Retail customers, who have time to inspect and test-drive cars, are more likely to spot a lemon than a dealer at one of these auctions. At the auctions, potential buyers have only a few minutes to inspect a car and cannot drive it, so they don't know if the car is a lemon. After these quick, visual inspections, bidding takes place. The owner then accepts or rejects the highest bid.
New-car and used-car dealers differ substantially in their likelihood of selling a given car. There are three principal differences between new- and used-car dealers.
First, new-car dealers tend to sell to final customers only recent-vintage used cars that are close substitutes for new carsespecially during tough economic times when many customers are unwilling to pay top dollar for new cars. Nearly 60% of the used cars sold by new-car dealers are no more than 4 years old, compared to only 30% for used-car dealers.
Second, new-car dealers obtain a higher share of their used cars through trade-ins: 69% versus 26%. Third, new-car dealers obtain more used cars in trade-ins. Used-car dealers are relatively small: 85% obtain fewer than 100 cars in trade-ins and only 2.5% obtain 300-600 cars a year. In contrast, only 7% of new-car dealers obtain fewer than 100 cars, one-third receive 300-600, and 14% obtain over 600 trade-ins a year.

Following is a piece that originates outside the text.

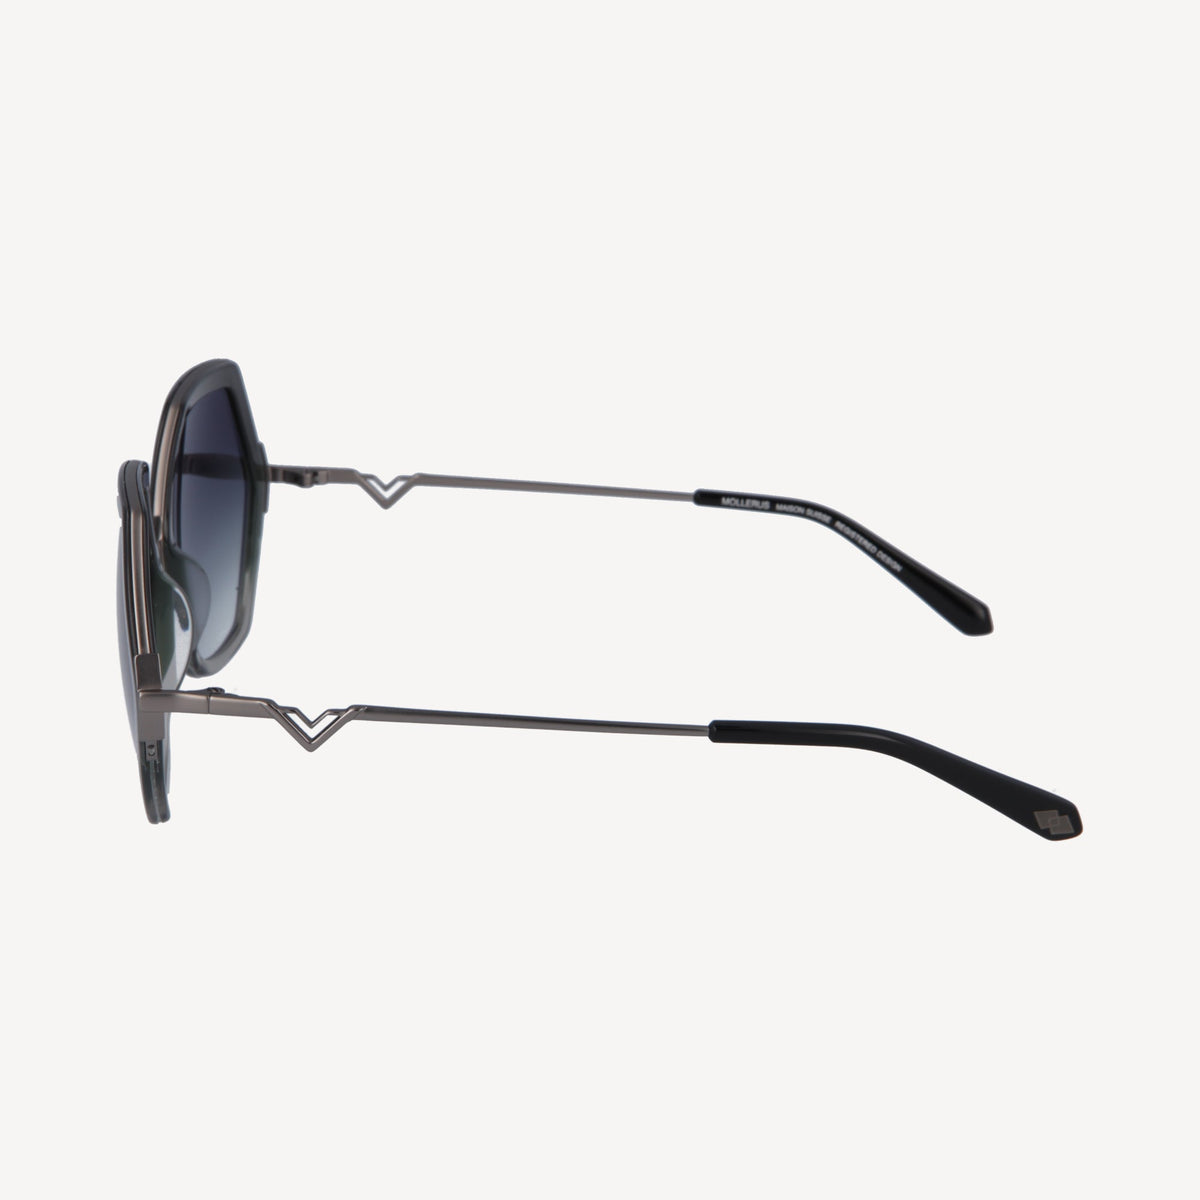 AGNEL | Sunglasses classic black/old silver
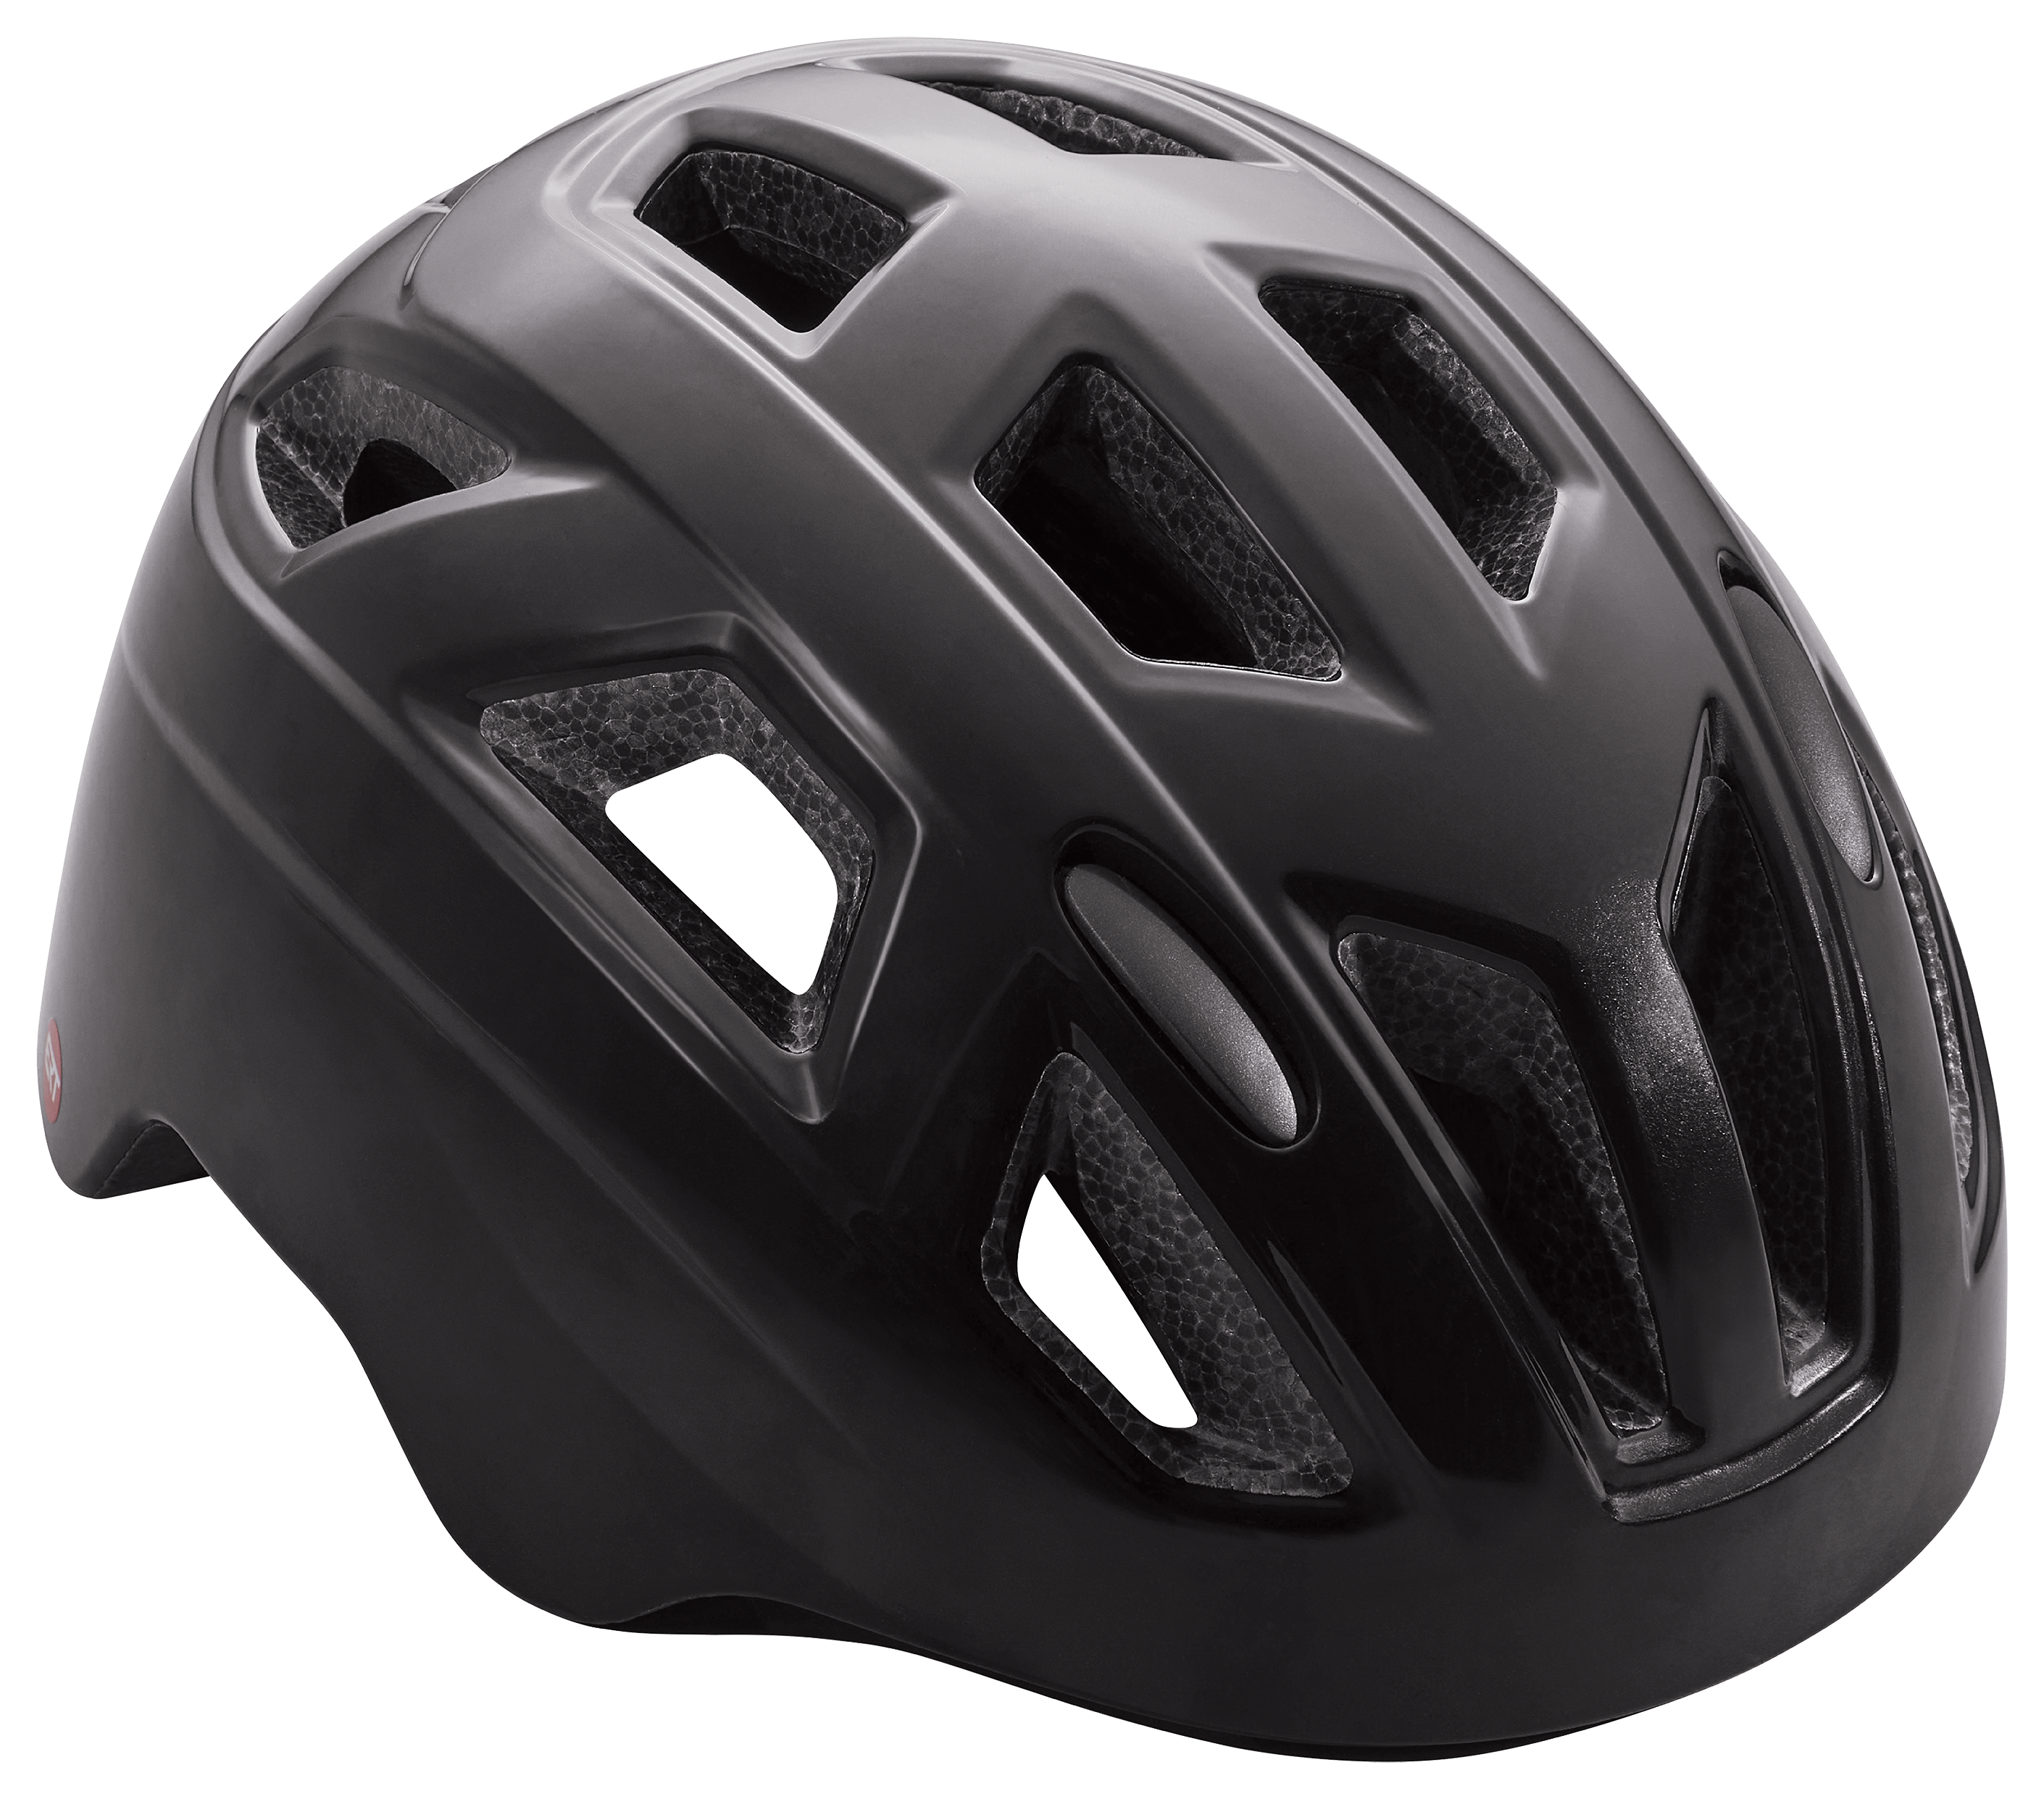 Schwinn Chroma ERT Bike Helmet for Kids - Black

Because new-car dealers have more trade-ins and sell relatively few older cars, they are more likely to want to sell their older cars at the wholesale auctions. Indeed, new-car dealers are twice as likely to sell a six-year-old trade-in at wholesale. Because of this greater tendency to unload all old cars, they are less likely to engage in adverse selection and keep the higher-quality, old cars.
Thus, if the seller is known to be a new-car dealer, we would expect buyers to be willing to pay more for their older cars. Indeed, new-car dealers receive a premium of 17% ($400) over other dealers when they sell six-year-old or older cars. Thus, buyers use the identity of the seller as an imperfect signal of quality.
Similarly, buyers apparently view the number of previous owners as a signal as to whether the car is a lemon. A one-owner car sells for 9% ($330) more than a multiple-owner car.
Thus, by using information about the number of former owners and the current owner, potential buyers adjust their estimates of the quality of a car. Although these signals decrease the probability of paying too much for a lemon, they do not eliminate that possibility.